Capítulo 4: Ariano Suassuna entre o modernismo e o regionalismo: Teatro e

4.3. Convergências e divergências sobre o fazer teatral no Recife: Valdemar de

Apesar das discordâncias, tanto Valdemar de Oliveira quanto Hermilo Borba Filho compartilhavam concepções que claramente apontavam para uma relativa emancipação do fazer teatral na cena cultural da cidade. Em primeiro lugar, enfatizavam a autonomia com relação a imperativos de ordem comercial. Os grupos profissionais de teatro no país, até fins dos anos 1930, dedicavam-se quase que exclusivamente a um repertório de forte apelo comercial (TEIXEIRA, 2007). Isso significava, na maioria dos casos, a encenação recorrente de peças humorísticas ou melodramas que prezavam pela repetição de fórmulas já consagradas e de ampla aceitação do grande público. Pouco espaço havia para a produção de espetáculos que exigissem um maior apuro técnico ou formal, pois os imperativos mercadológicos impunham sérias limitações de tempo e recursos para a preparação das peças. Essa situação restritiva se constituía em um obstáculo à exploração das potencialidades da

linguagem artística, dificultando a acumulação e sistematização de saberes específicos do fazer teatral pelas companhias profissionais da época no país.

Teixeira (2007) considera que a popularização do cinema, no final dos anos 1930, contribuiu para pôr em crise o modelo de teatro comercial voltado exclusivamente ao entretenimento em todo o mundo ocidental. Observa nessa época a disseminação de grupos amadores de teatro em vários países, que tinham como objetivo principal a consolidação e a renovação de uma linguagem especificamente teatral. Em concordância, Reis afirma:

Mais livres da preocupação com a bilheteria, caberia aos amadores e aos estudantes trazerem aos espectadores brasileiros peças desses autores modernos que as companhias profissionais, em sua maioria especializadas em comédias ligeiras ou em dramalhões, ainda não tinham interesse em encenar (REIS, 2009, p.34).

Em segundo lugar, Valdemar de Oliveira e Borba Filho prezavam por um teatro que não estivesse subordinado à ingerência de questões especificamente políticas. “Hermilo sempre se manifestou contra todo tipo de censura e de interferência sobre a arte, provenientes da esquerda ou da direita”, afirma Reis (2009: 37). Oliveira, por sua vez, apesar de alinhado com as forças políticas conservadoras do estado e militante anticomunista, tinha como preocupação primordial a arte. Uma evidência disso está nas diversas montagens que o TAP produziu com textos de autores considerados “malditos” pelos mais conservadores, como Dias Gomes, Nelson Rodrigues ou o próprio Lorca.

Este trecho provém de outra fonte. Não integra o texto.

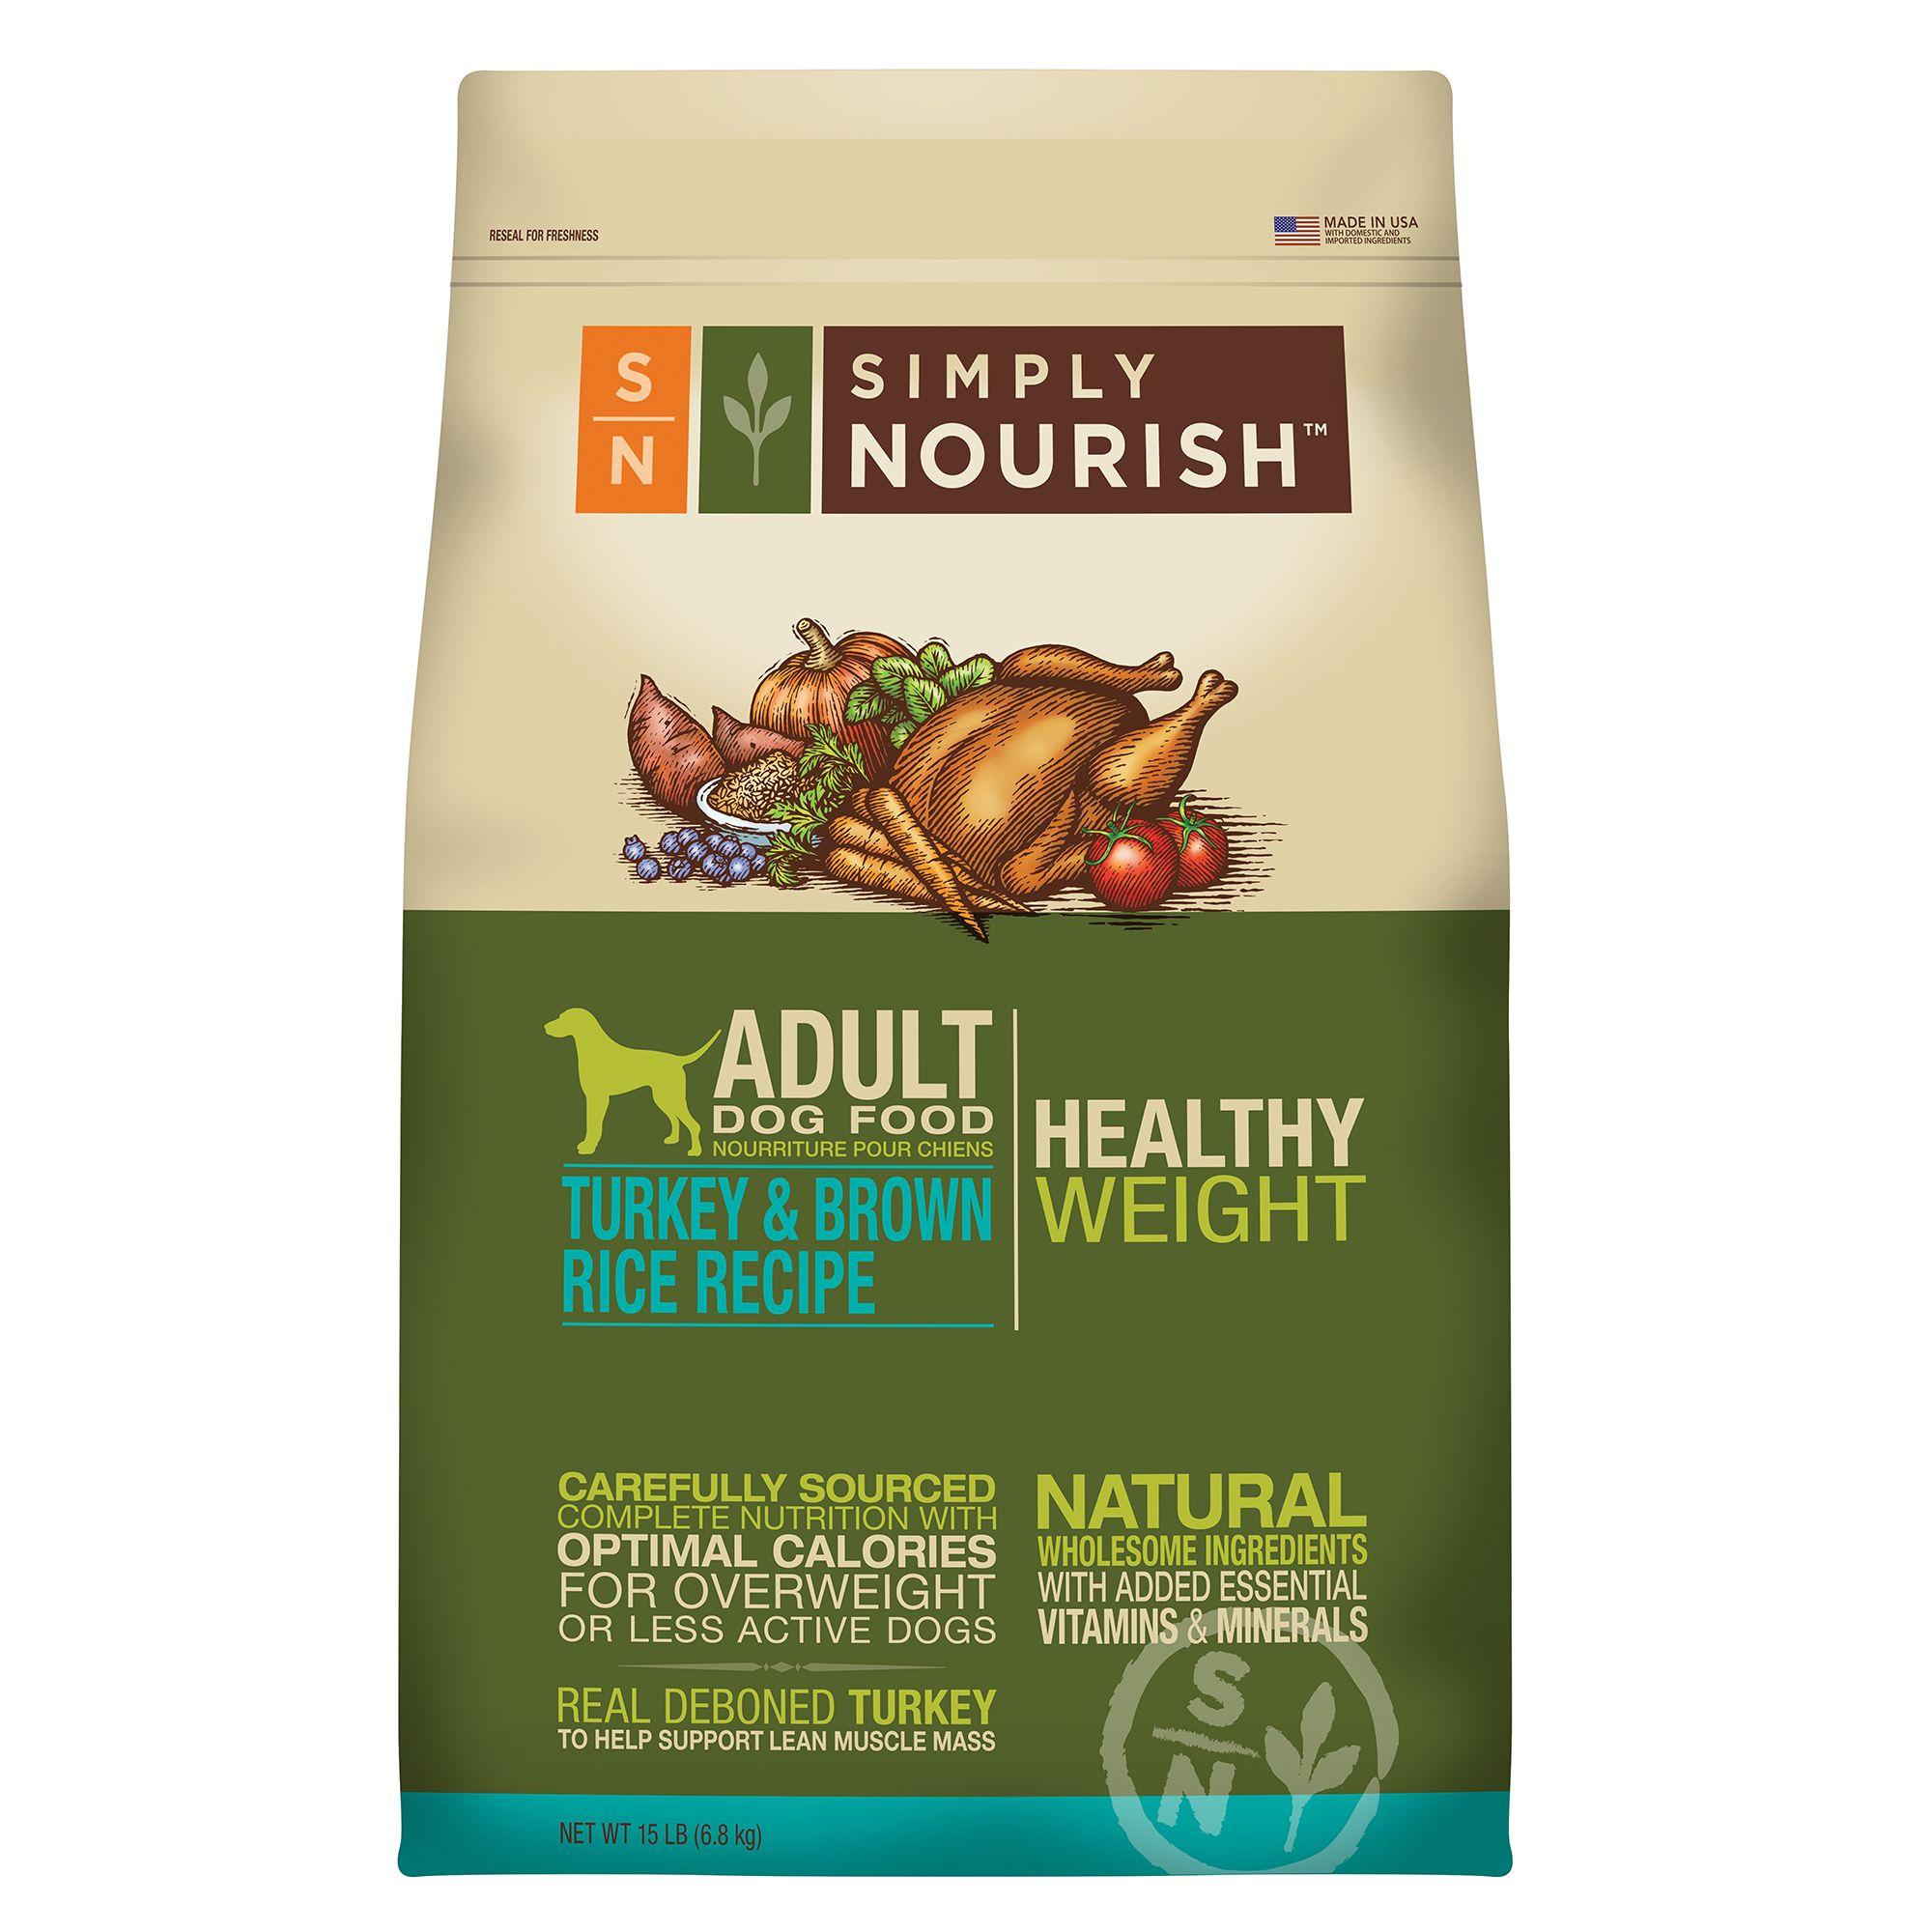 Who Makes Simply Nourish Dog Food
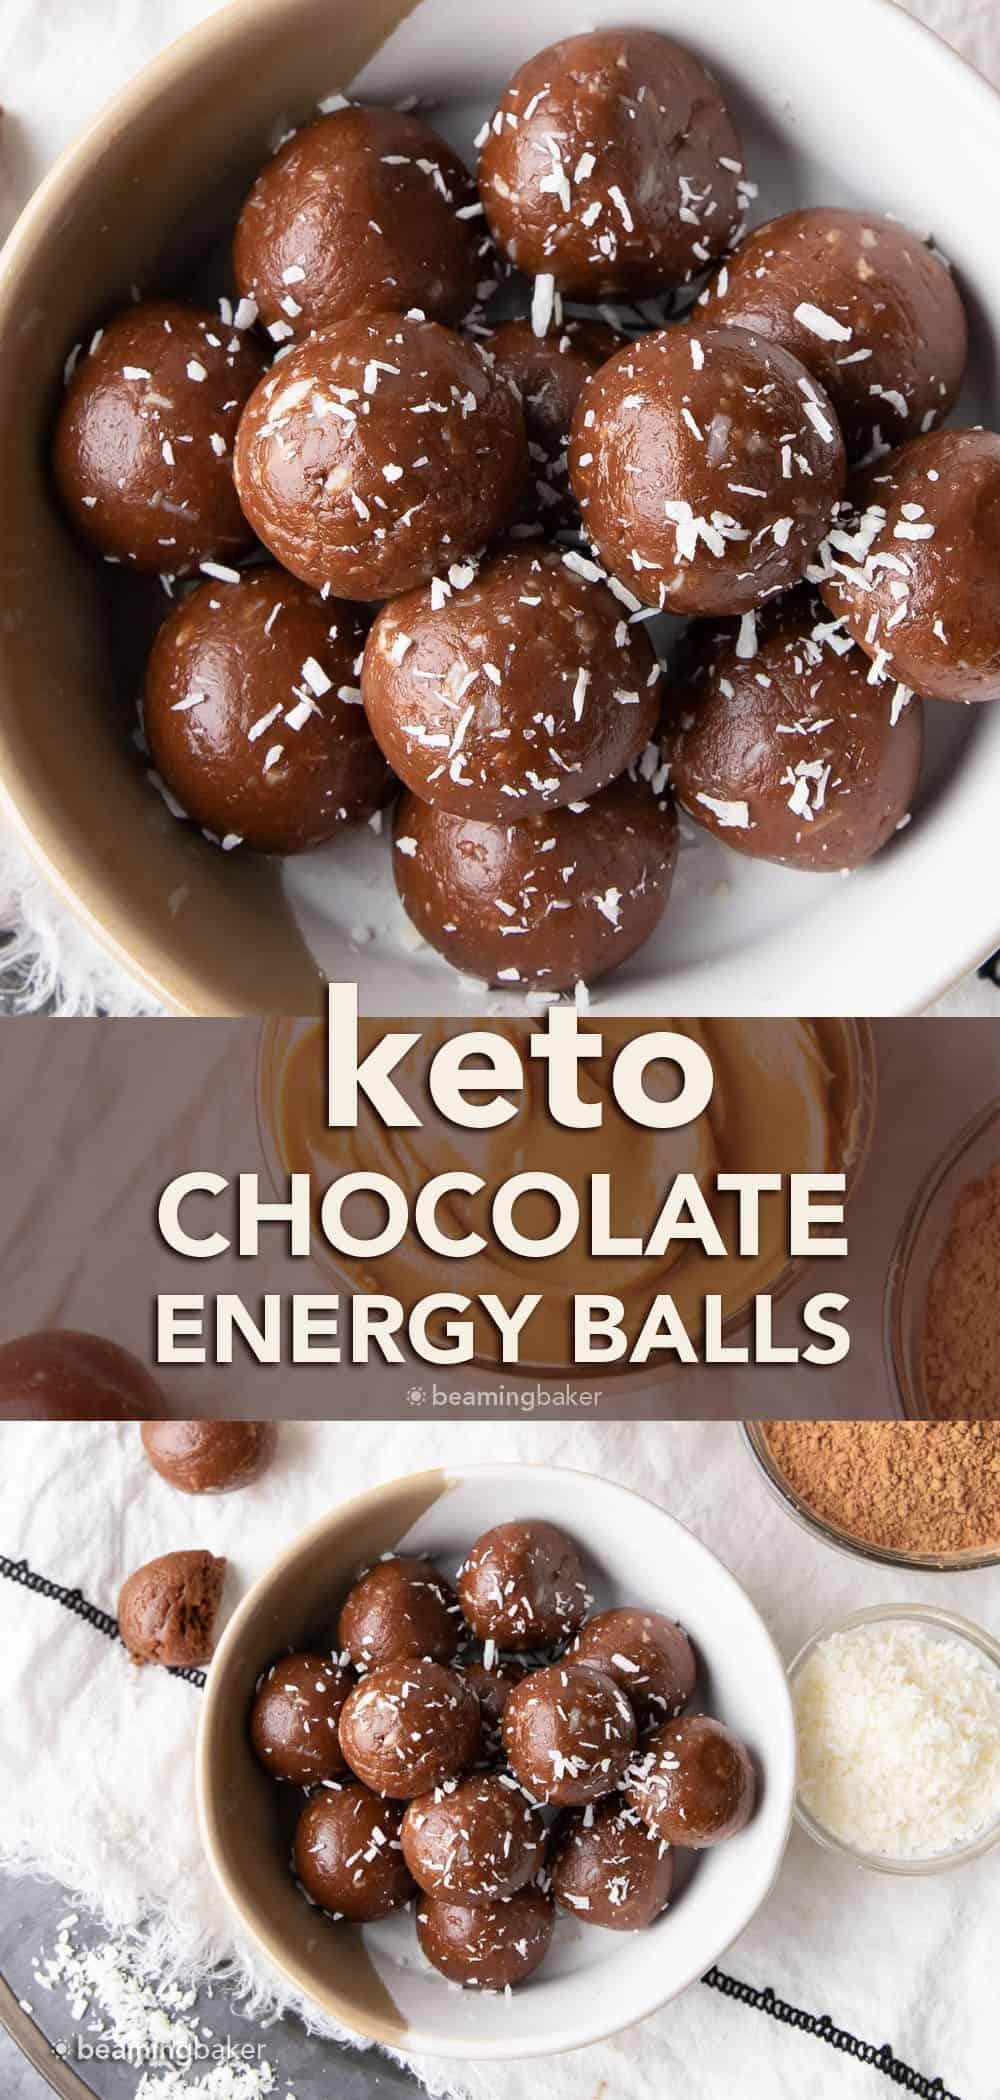 4 Ingredient Keto Chocolate Energy Balls: only 4 ingredients for delicious keto chocolate energy balls. The yummiest keto energy balls! #Keto #NoBake #LowCarb #Energy   Recipe at BeamingBaker.com

Oliveira chegou até mesmo a criticar em Borba Filho o que julgava ser uma submissão das atividades do Teatro do Estudante a objetivos extra-artísticos: para ele o ideal de democratização do teatro em nada contribuía para o desenvolvimento da arte, servindo apenas a motivações políticas. Integrantes do TEP, por sua vez, reagiram veementemente a tal insinuação, pois de fato não concordavam com a utilização instrumental da arte para fins de doutrinação política. O que não quer dizer que não houvesse também um componente motivacional político no substrato das ações do TEP. Contudo, havia claramente uma hierarquia de valores entre o estético e político, na qual o primeiro desempenhava papel preponderante (REIS, 2009). Essa hierarquia vai tornar-se mais evidente em fins dos anos 1950, quando Borba Filho cria o Teatro Popular do Nordeste (TPN), grupo que retoma os princípios do TEP numa época em que os conflitos político-ideológicos estavam ainda mais acirrados. Sobre o envolvimento de membros do TEP com a política, Teixeira comenta:

É sabido que quase todos eles tinham uma aguda sensibilidade política, em que prevaleciam as lealdades de esquerda. É sabido, igualmente, que mais de um deles se envolveu em campanhas

políticas, como a de Pelópidas Silveira para prefeito (embora essa campanha só tenha se dado após o fim do grupo, em 1955). Mas o grupo, enquanto tal, manteve-se afastado das questões políticas. Sua arena era a artístico-cultural, e lá procurou se manter. (TEIXEIRA, 2007, p. 315)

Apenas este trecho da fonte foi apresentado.